§ What you should do
Word for word, the data below must be repeated in full; no picture is to be included.

§ Provided material
========================

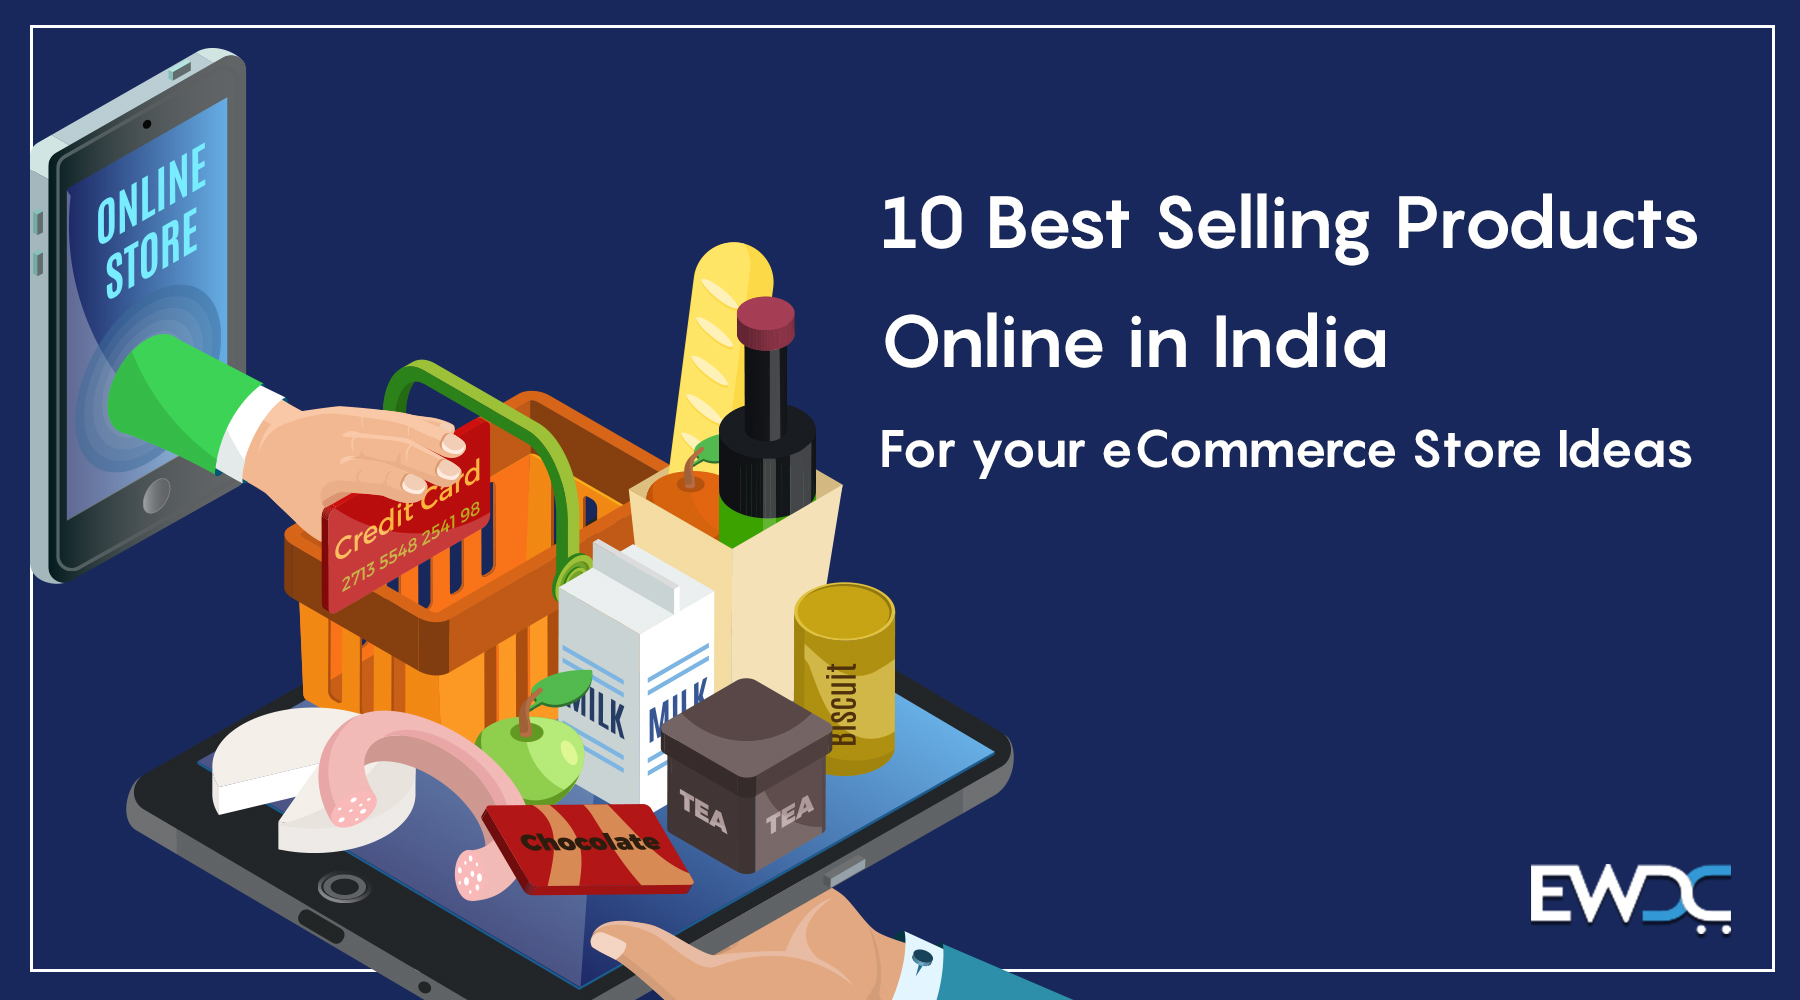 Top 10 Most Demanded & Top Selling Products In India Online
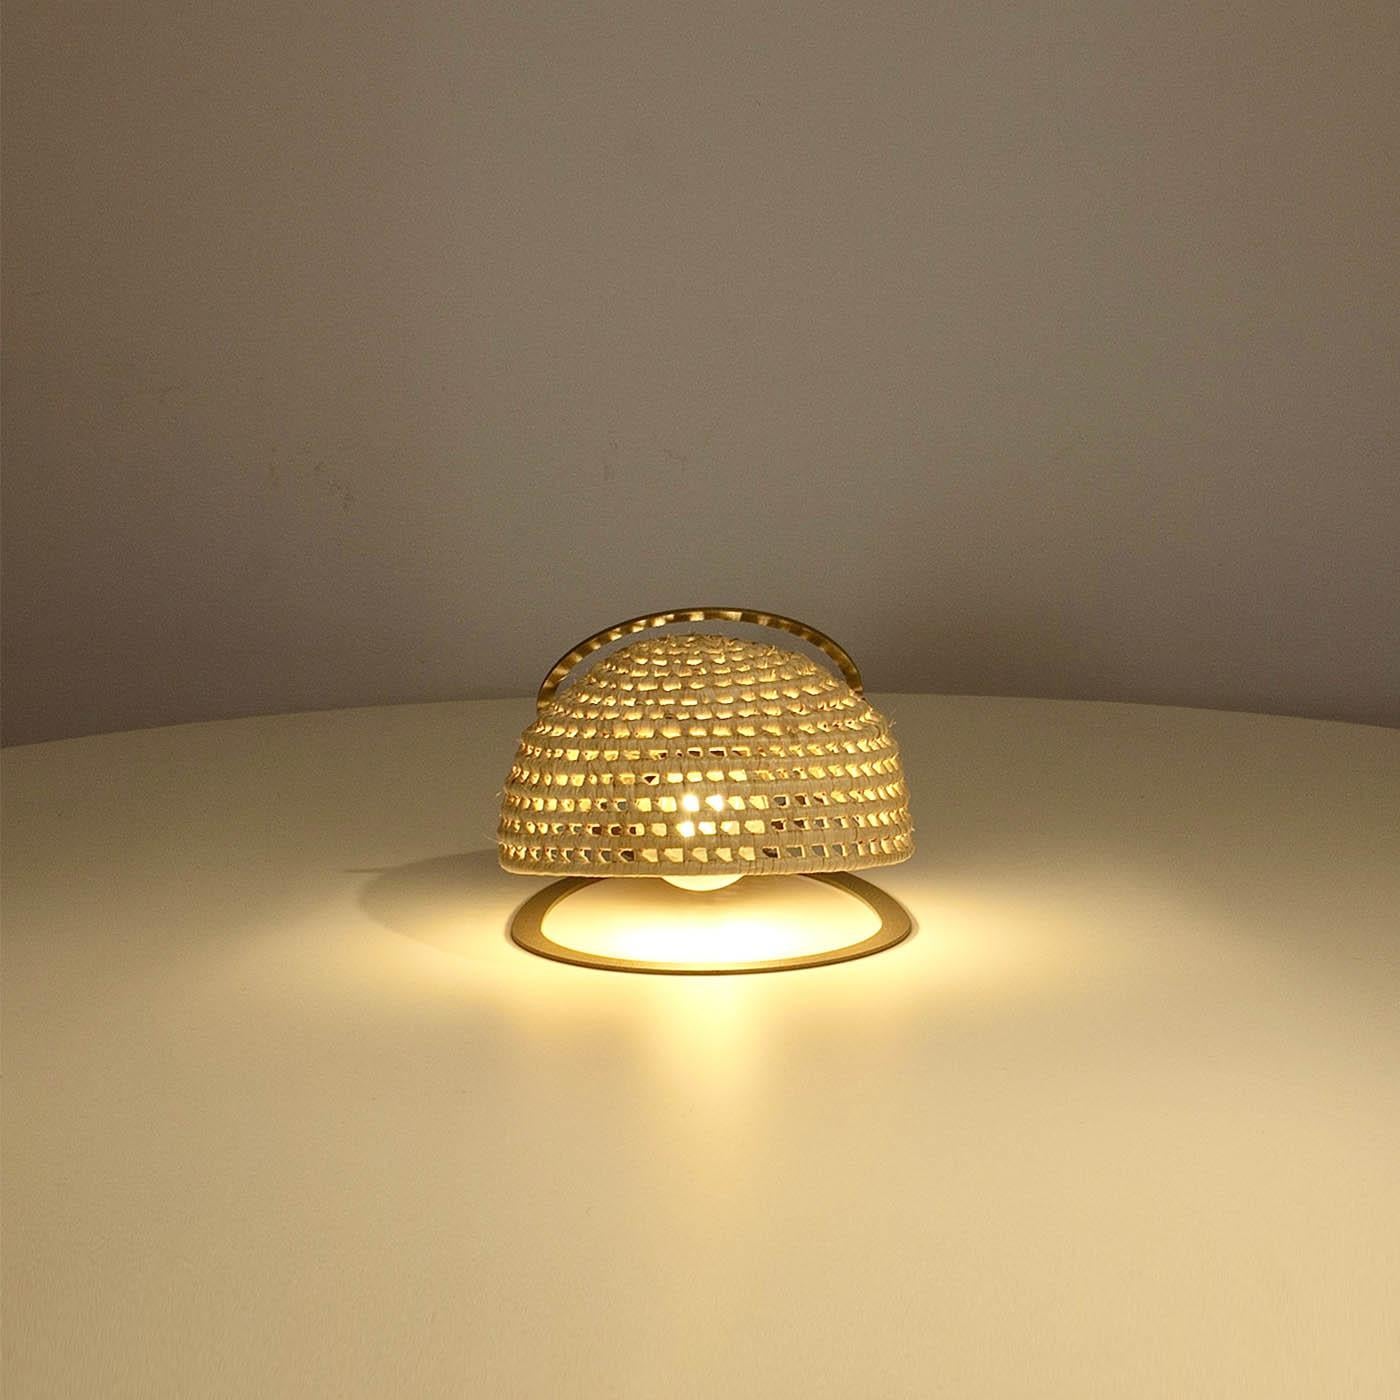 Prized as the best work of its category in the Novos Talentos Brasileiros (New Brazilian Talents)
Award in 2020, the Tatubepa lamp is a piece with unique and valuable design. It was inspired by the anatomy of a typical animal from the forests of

========================

§ Output of the task
 Top 10 Most Demanded & Top Selling Products In India Online
 Prized as the best work of its category in the Novos Talentos Brasileiros (New Brazilian Talents)
Award in 2020, the Tatubepa lamp is a piece with unique and valuable design. It was inspired by the anatomy of a typical animal from the forests of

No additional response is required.